Dataset extract:
============

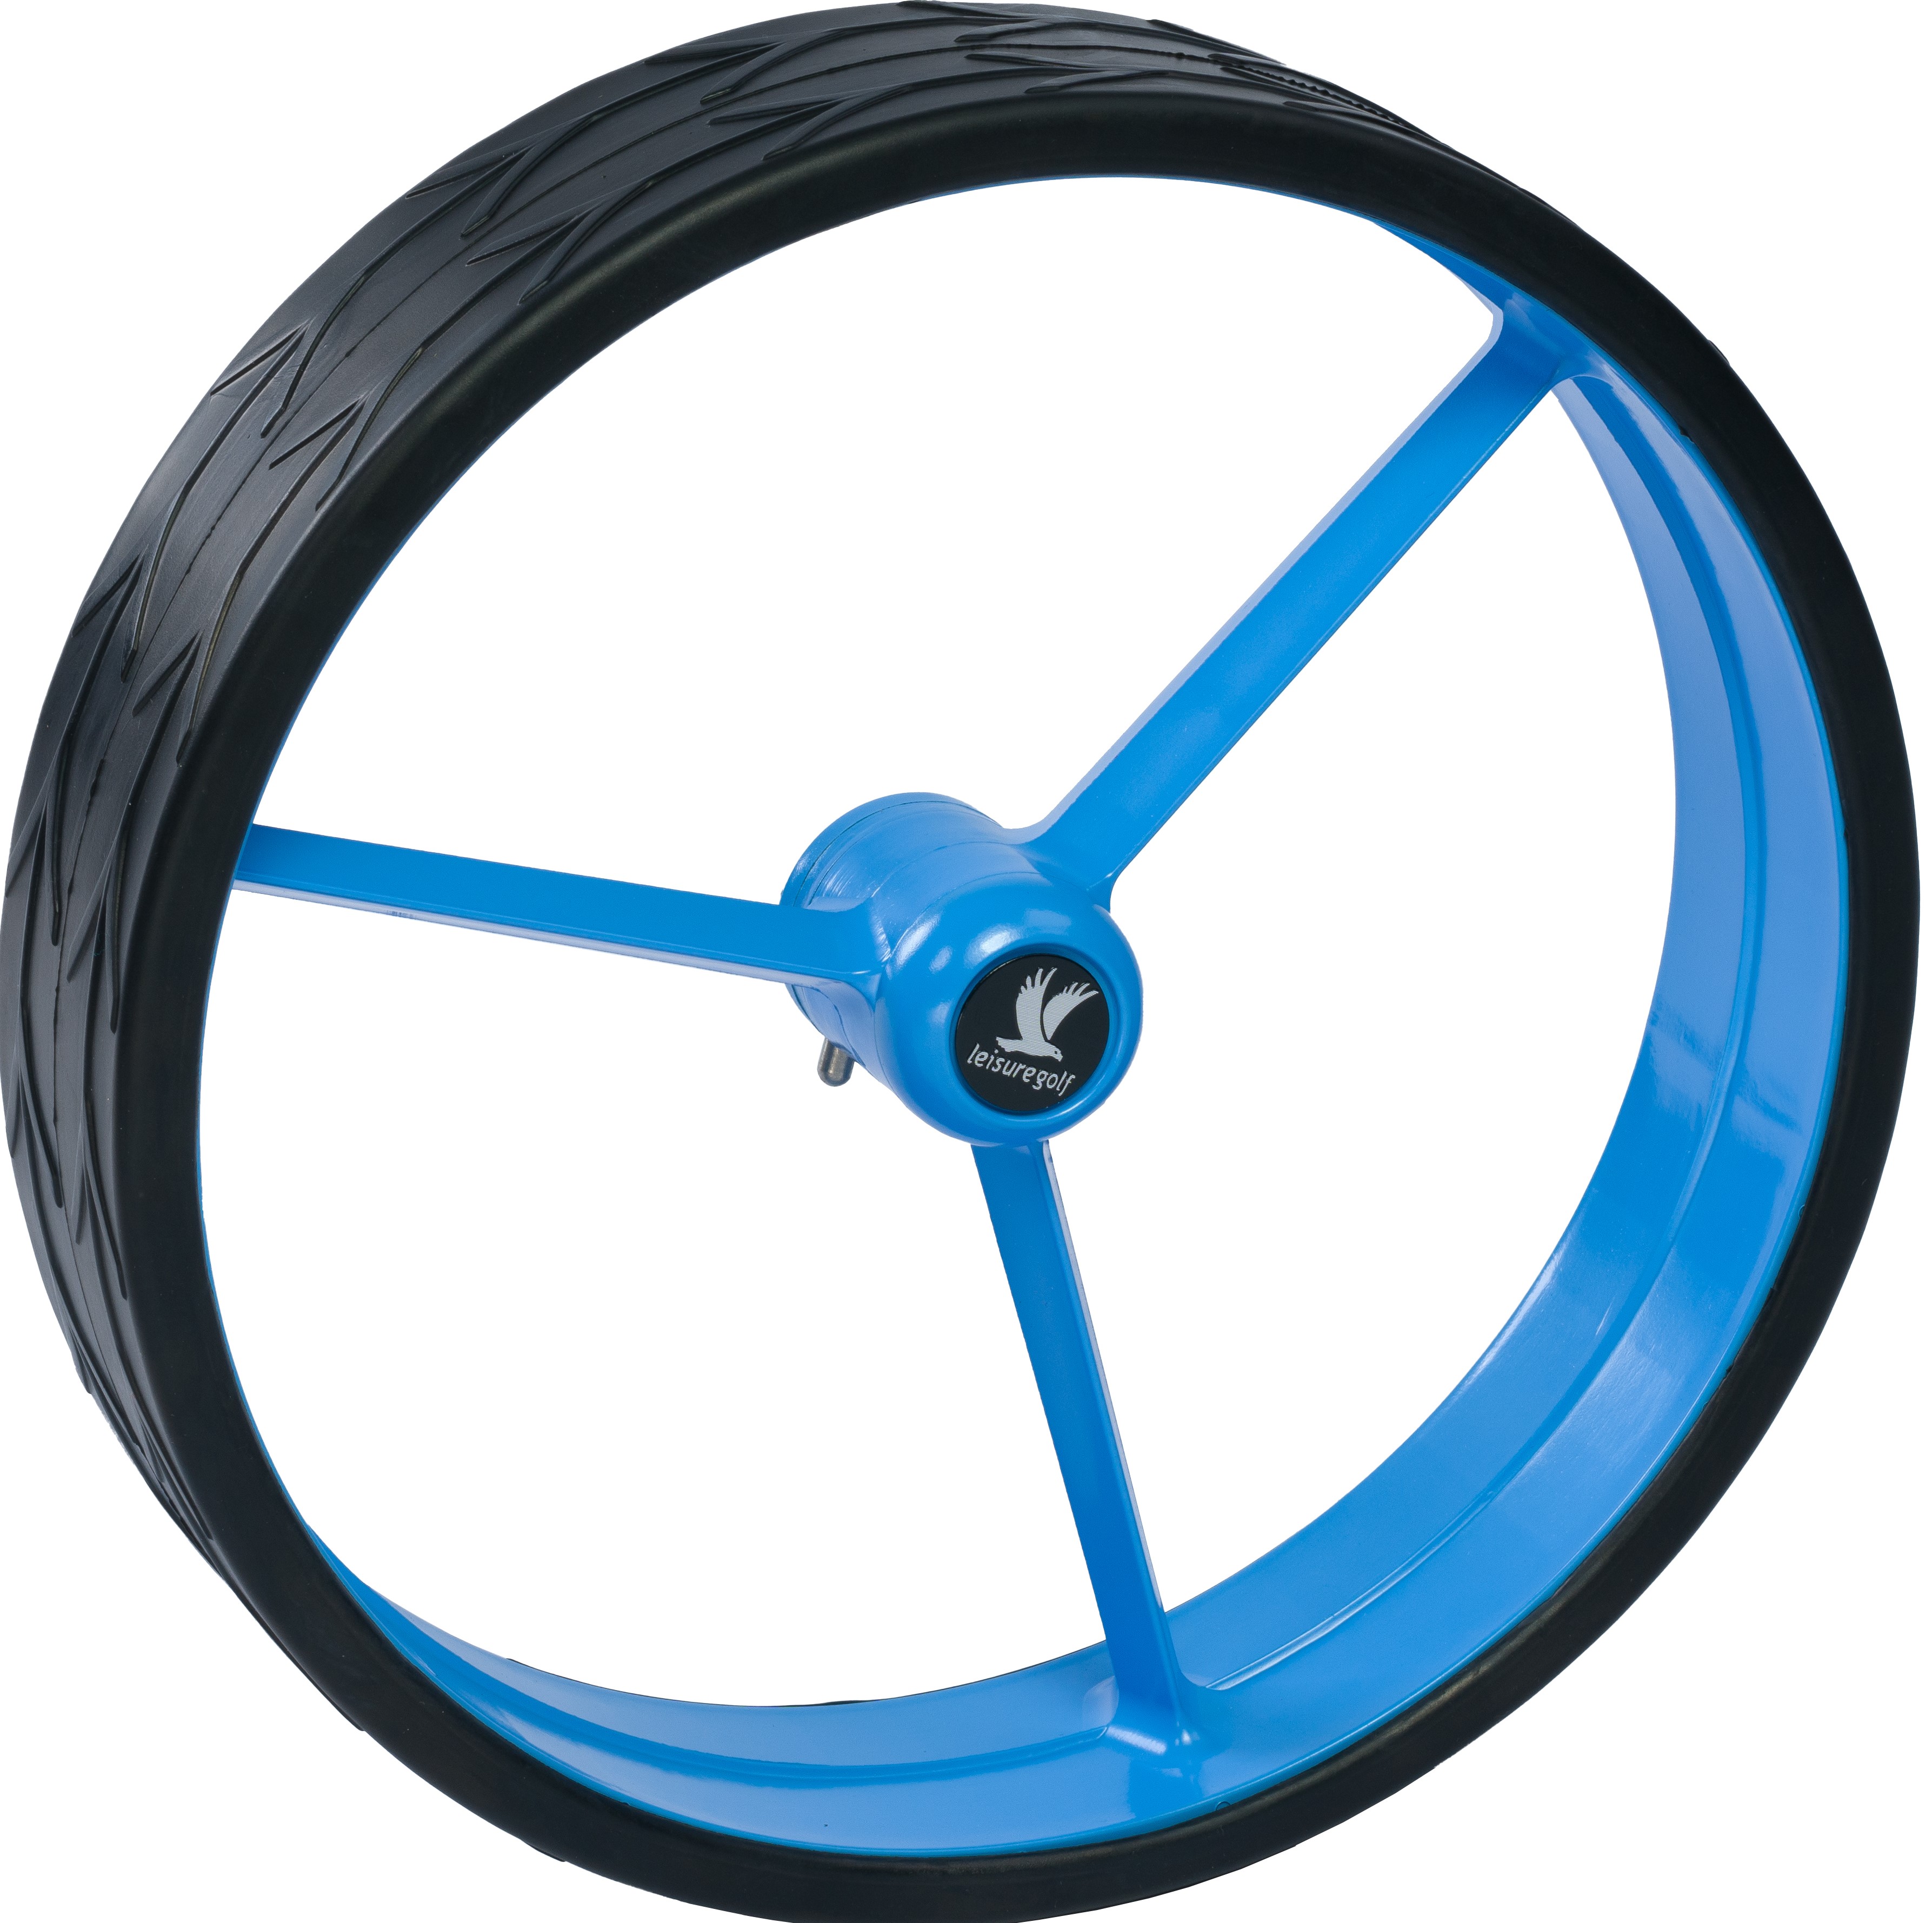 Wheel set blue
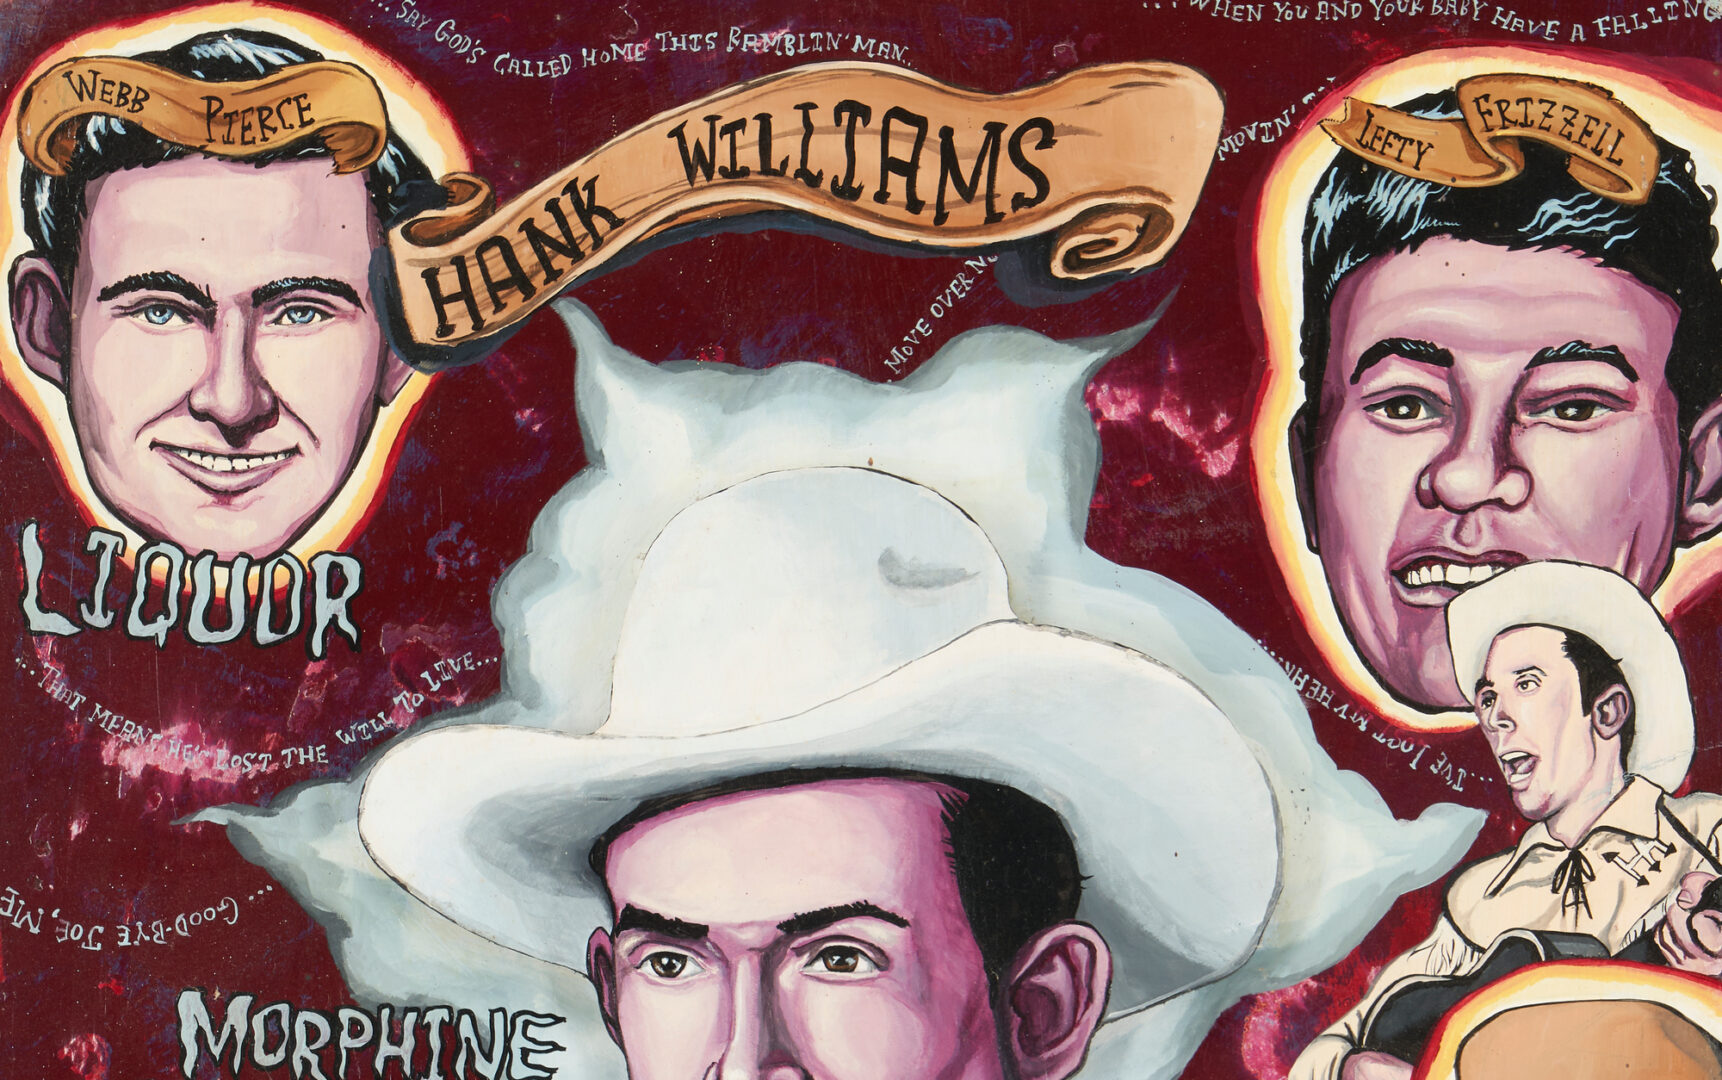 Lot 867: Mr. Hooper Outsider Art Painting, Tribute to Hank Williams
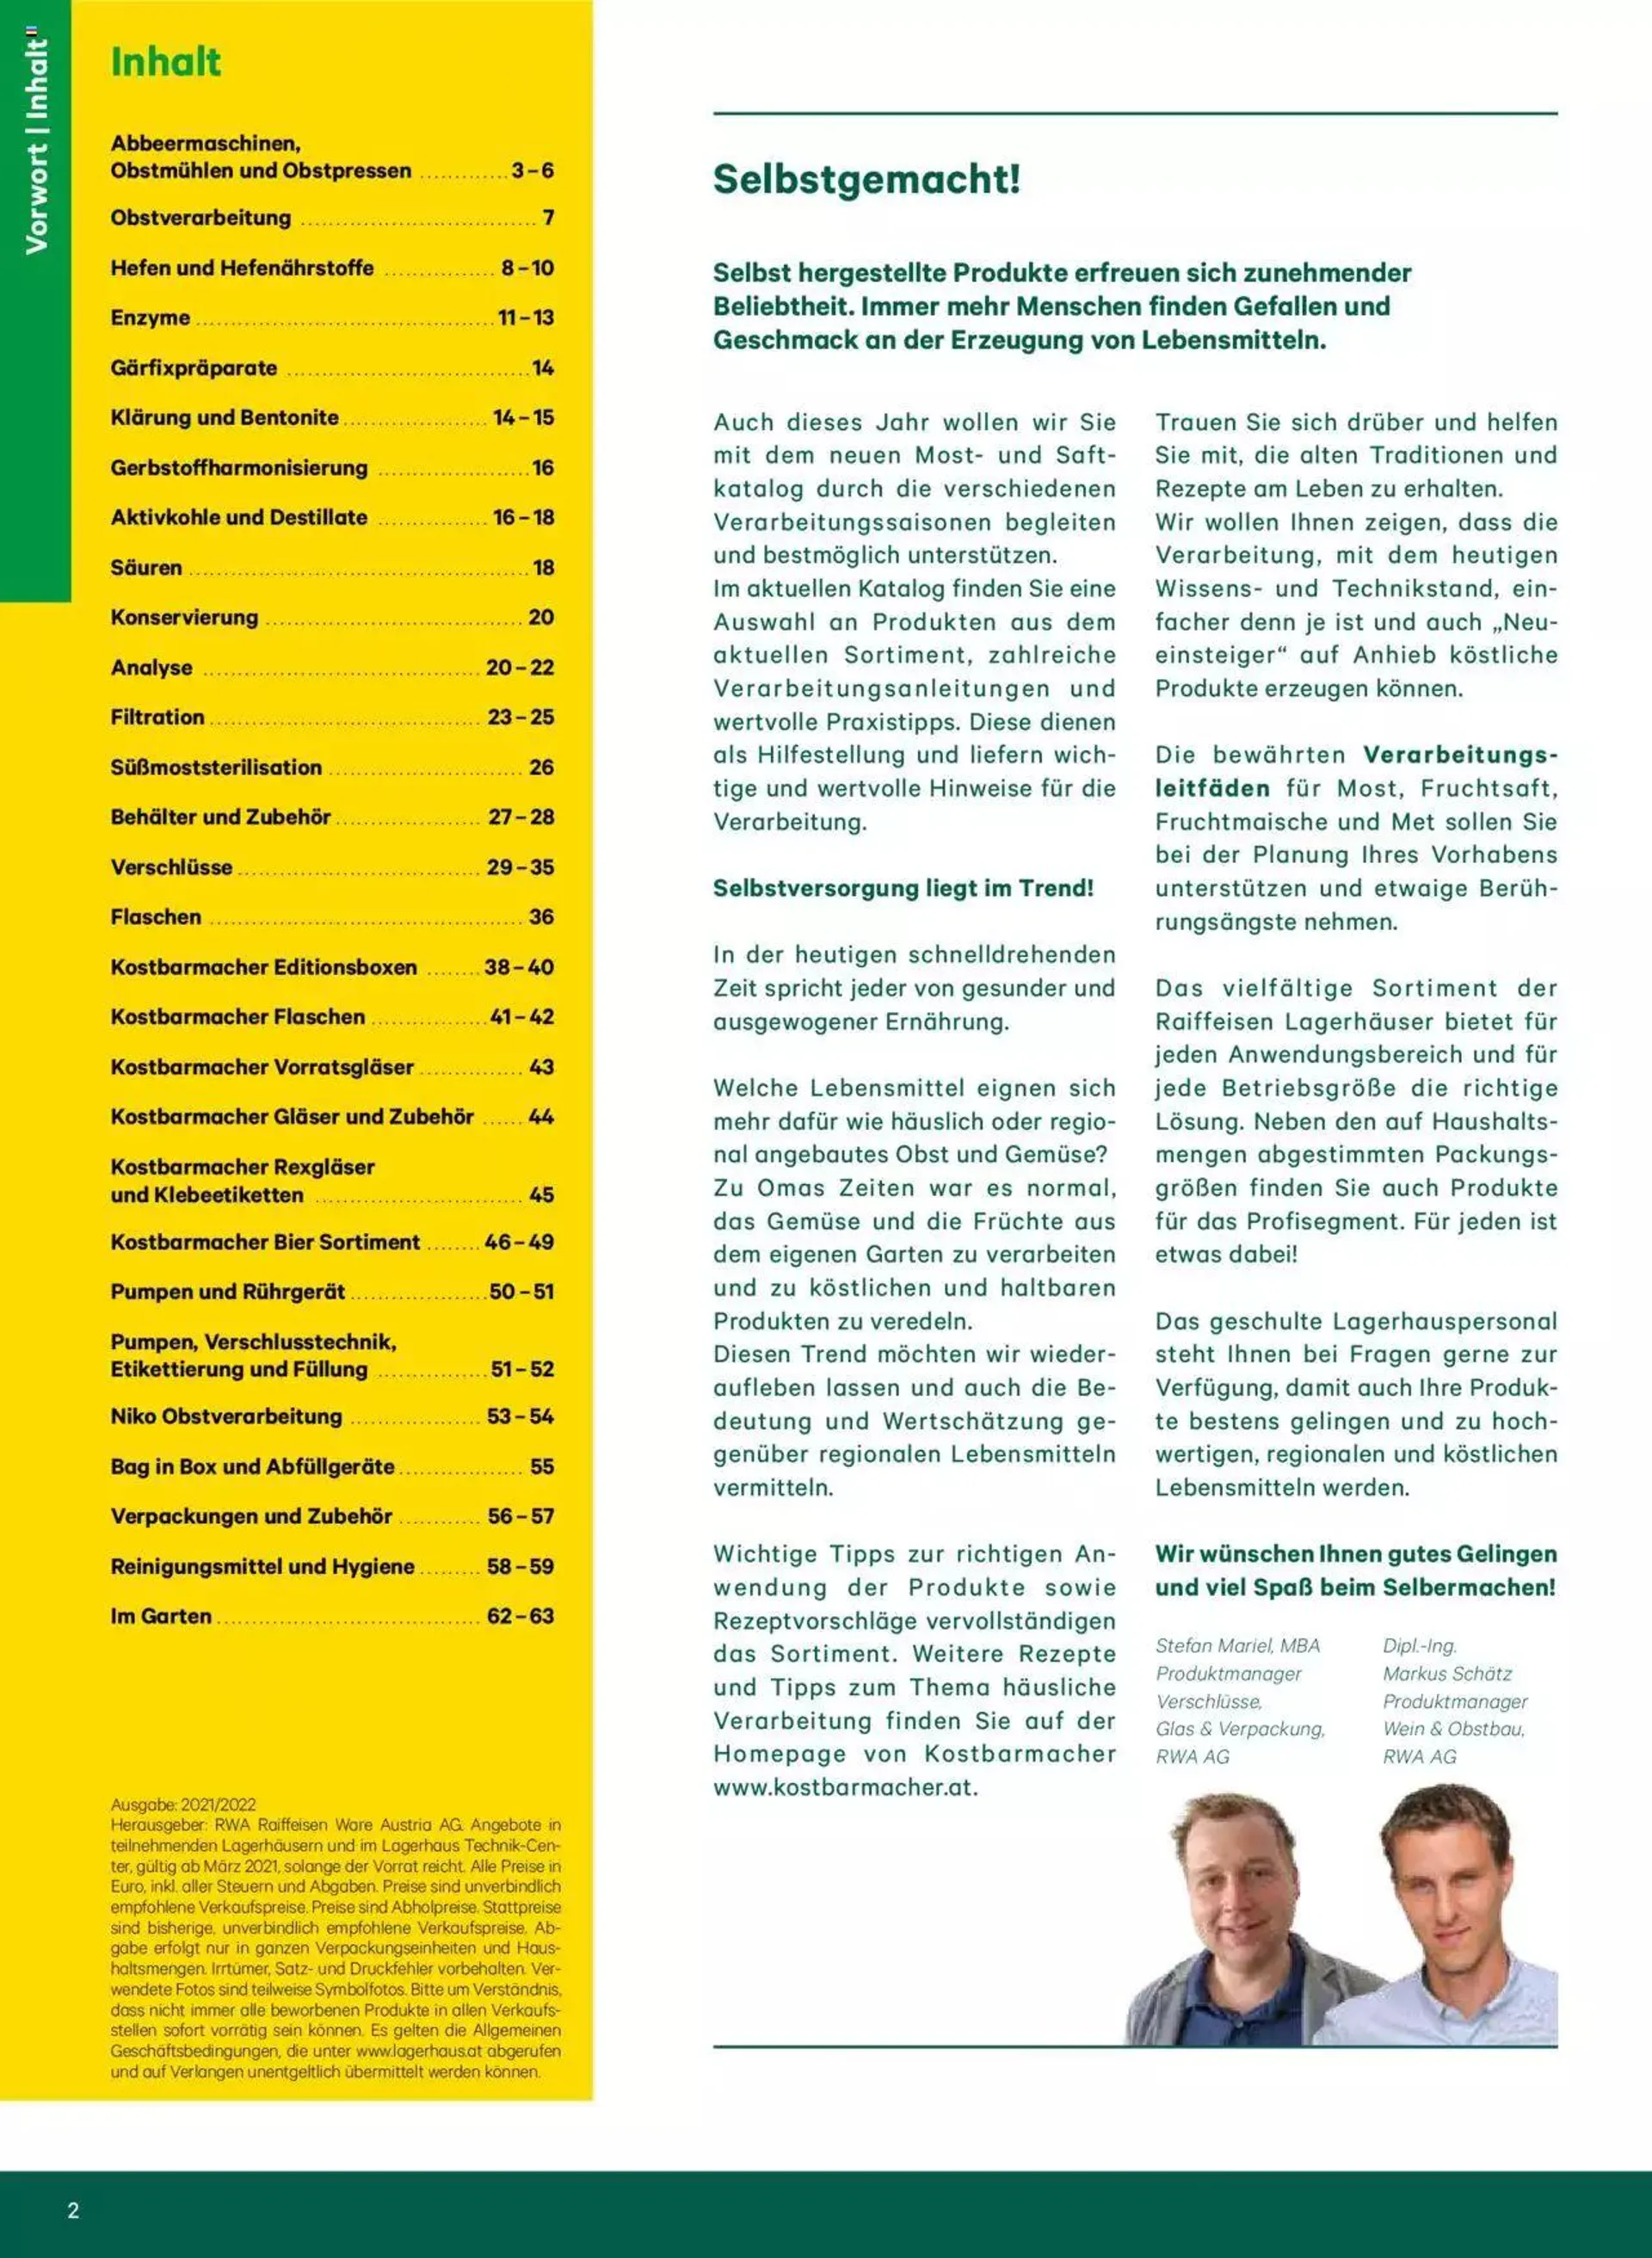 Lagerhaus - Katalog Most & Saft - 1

============

What you are asked to do: Quote exactly the lines from the one that contains "Lot 867: Mr." through the end of the listing above, both ends included, leaving out the pictures.

Response:
 Lot 867: Mr. Hooper Outsider Art Painting, Tribute to Hank Williams
 Lagerhaus - Katalog Most & Saft - 1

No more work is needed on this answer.